Another difference is, in trials, we always have patients who are younger, with fewer comorbidities, and better performance status. In the real world, we have older patients, patients with poor performance status, [and those with] higher comorbidities. Anything we can do to prevent the CRS that we see with these drugs would go a long way. Again, with bispecifics, I cannot stress enough how infection prevention is such a big part of it because the infection risk just lasts for months, even after a bispecific is stopped. Using the right preventative strategies––prophylactic IVIG, antibacterials, antivirals––in a timely manner and treating infection right away as soon as there is a sign of infection is [quite] important in these patients.
Atrash: In regard of the real-world vs clinical trial data, what’s the difference that we have seen? It’s [quite] interesting. We worked with multiple hospitals as a group of physicians, where we looped our data together. [What] you can tell from the first look of it is: 1, each hospital has slightly different criteria for selecting patients into bispecifics vs different modalities; [and 2], the scheduling of the treatment. Whether it’s BCMA or GPRC5D, do you give it every week? Do you give it every 2 weeks? When do you move to every 2 weeks?

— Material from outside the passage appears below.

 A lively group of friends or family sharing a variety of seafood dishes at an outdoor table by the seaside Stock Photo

Or when do you move to [a monthly dosing schedule]? Some of us are giving it every other month. The variety of scheduling [is something] you see [significantly] more [often] in real-world data than you see it with clinical trial data, as everything is regimented. This variation in dosing helped us to [ask], “Do we have more toxicity if we give it weekly vs if we give it every other week or if we give it every other month?”

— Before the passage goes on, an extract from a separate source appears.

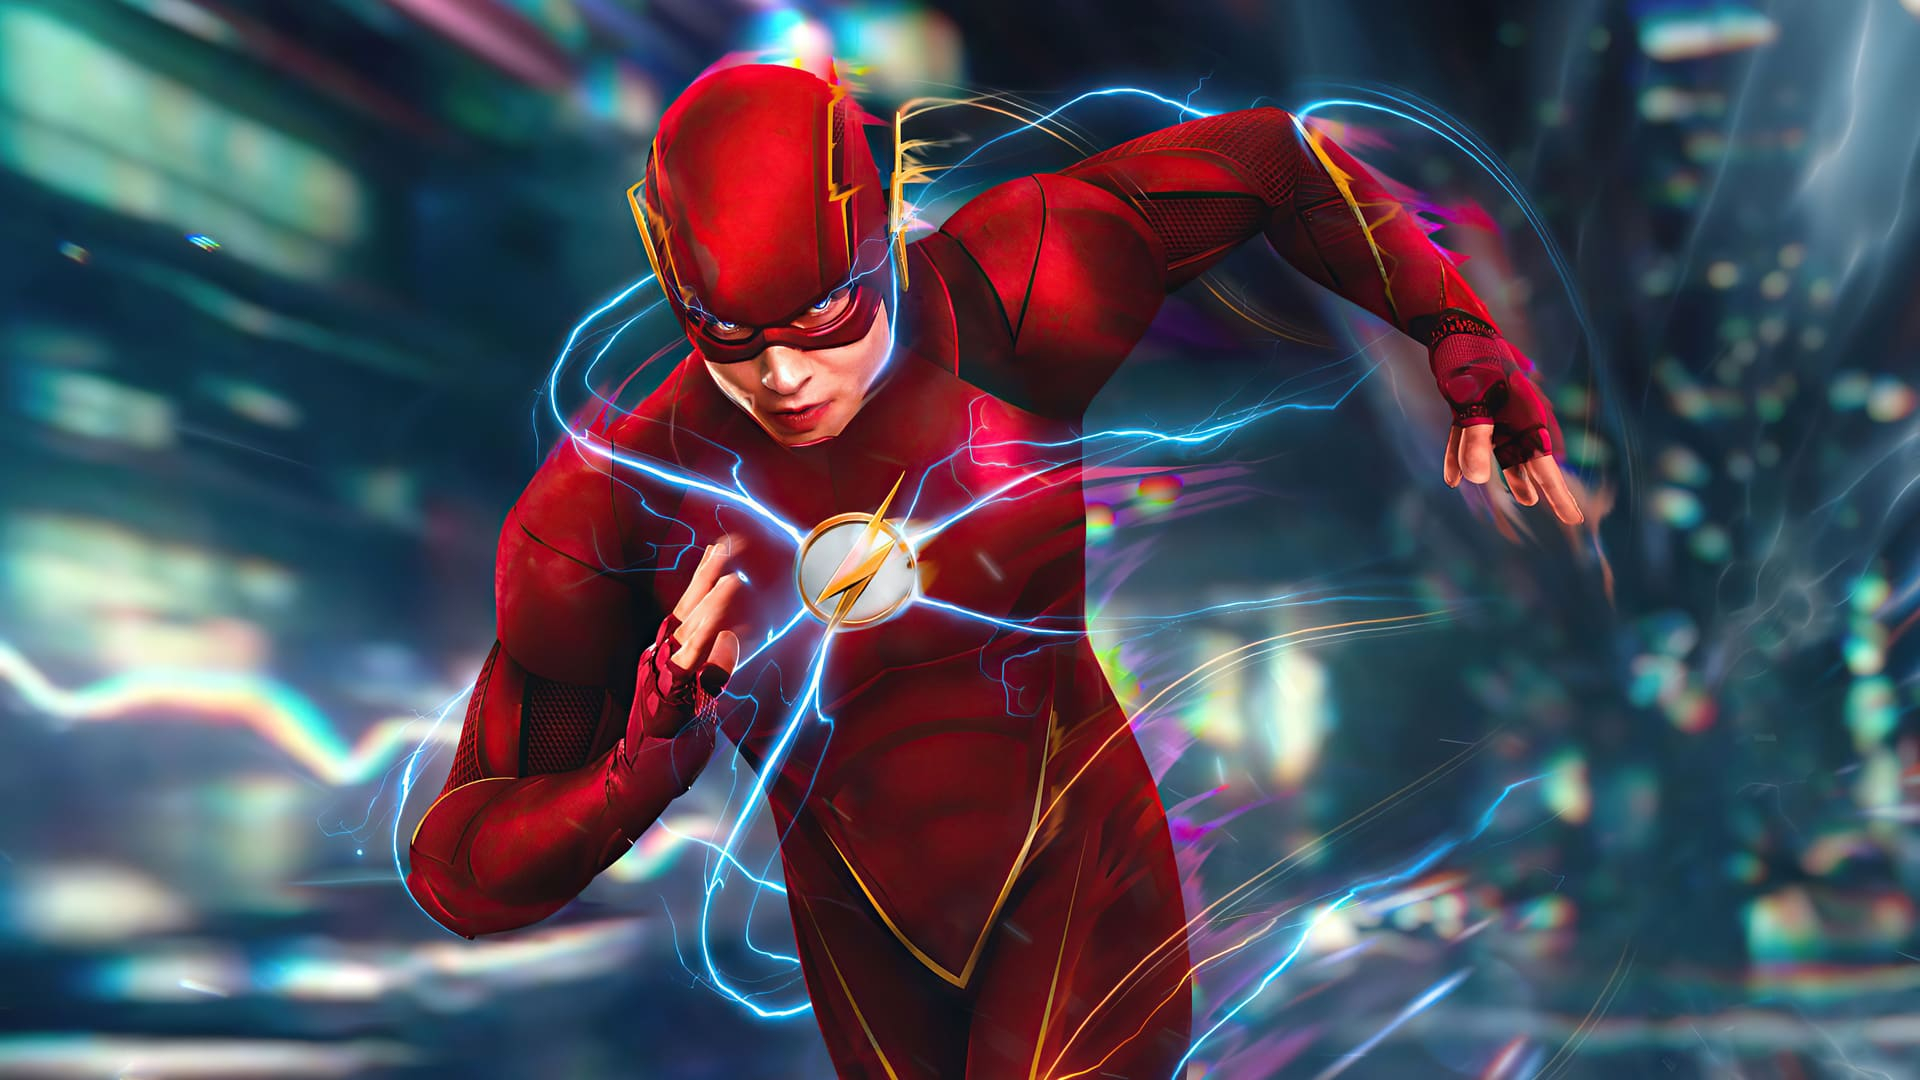 1920x1080 The Flash Wallpapers Top Best The Flash Backgrounds Download

Also, the question about efficacy: “Are we having a less efficacious approach if we get the treatment every 2 weeks or every month vs continuing every week?” One of the things that we learned is with the management of the toxicity, as Kort mentioned, this early management with tocilizumab and dexamethasone, helped with avoiding long-term problems, but it also did not seem to affect the efficacy of the treatment. It seemed easy to manage the CRS symptoms, especially in the startup dosing, and we did not see big problems, even in the real-world data, with the management of the CRS.